> **Records excerpted from a collection**

——————

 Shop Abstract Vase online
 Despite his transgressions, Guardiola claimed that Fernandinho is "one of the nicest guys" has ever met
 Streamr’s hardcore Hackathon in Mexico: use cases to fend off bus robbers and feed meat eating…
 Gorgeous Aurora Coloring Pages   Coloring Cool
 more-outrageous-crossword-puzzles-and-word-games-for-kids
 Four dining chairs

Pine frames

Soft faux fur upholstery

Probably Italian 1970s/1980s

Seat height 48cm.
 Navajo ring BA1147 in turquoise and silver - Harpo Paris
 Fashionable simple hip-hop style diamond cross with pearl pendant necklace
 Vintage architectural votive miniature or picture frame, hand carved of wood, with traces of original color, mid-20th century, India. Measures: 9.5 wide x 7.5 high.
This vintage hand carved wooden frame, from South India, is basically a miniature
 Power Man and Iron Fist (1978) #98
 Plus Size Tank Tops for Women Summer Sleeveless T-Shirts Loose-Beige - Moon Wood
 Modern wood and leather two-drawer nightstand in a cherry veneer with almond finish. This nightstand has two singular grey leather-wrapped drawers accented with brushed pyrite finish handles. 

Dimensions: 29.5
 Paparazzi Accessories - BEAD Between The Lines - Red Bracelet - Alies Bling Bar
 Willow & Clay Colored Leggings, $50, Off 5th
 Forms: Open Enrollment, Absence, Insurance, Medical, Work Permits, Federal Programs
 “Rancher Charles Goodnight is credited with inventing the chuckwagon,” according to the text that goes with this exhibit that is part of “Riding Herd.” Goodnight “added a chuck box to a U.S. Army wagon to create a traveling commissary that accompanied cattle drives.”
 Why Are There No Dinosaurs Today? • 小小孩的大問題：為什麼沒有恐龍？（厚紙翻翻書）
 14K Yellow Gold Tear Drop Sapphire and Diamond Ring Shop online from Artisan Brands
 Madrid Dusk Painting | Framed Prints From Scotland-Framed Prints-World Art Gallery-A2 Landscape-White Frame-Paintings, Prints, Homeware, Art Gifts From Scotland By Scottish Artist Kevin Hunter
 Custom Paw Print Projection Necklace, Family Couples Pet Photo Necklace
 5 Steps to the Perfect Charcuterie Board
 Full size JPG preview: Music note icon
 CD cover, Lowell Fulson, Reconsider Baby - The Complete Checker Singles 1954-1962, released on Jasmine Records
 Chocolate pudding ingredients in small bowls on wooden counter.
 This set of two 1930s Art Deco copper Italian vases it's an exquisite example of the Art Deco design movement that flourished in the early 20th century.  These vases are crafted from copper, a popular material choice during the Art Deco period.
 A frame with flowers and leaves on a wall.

——————

> **Task to complete**
Copy the lines above exactly. Start with the line containing "Why Are There", end with the line containing "Chocolate pudding ingredients", and include both.

> **Completed exercise**
 Why Are There No Dinosaurs Today? • 小小孩的大問題：為什麼沒有恐龍？（厚紙翻翻書）
 14K Yellow Gold Tear Drop Sapphire and Diamond Ring Shop online from Artisan Brands
 Madrid Dusk Painting | Framed Prints From Scotland-Framed Prints-World Art Gallery-A2 Landscape-White Frame-Paintings, Prints, Homeware, Art Gifts From Scotland By Scottish Artist Kevin Hunter
 Custom Paw Print Projection Necklace, Family Couples Pet Photo Necklace
 5 Steps to the Perfect Charcuterie Board
 Full size JPG preview: Music note icon
 CD cover, Lowell Fulson, Reconsider Baby - The Complete Checker Singles 1954-1962, released on Jasmine Records
 Chocolate pudding ingredients in small bowls on wooden counter.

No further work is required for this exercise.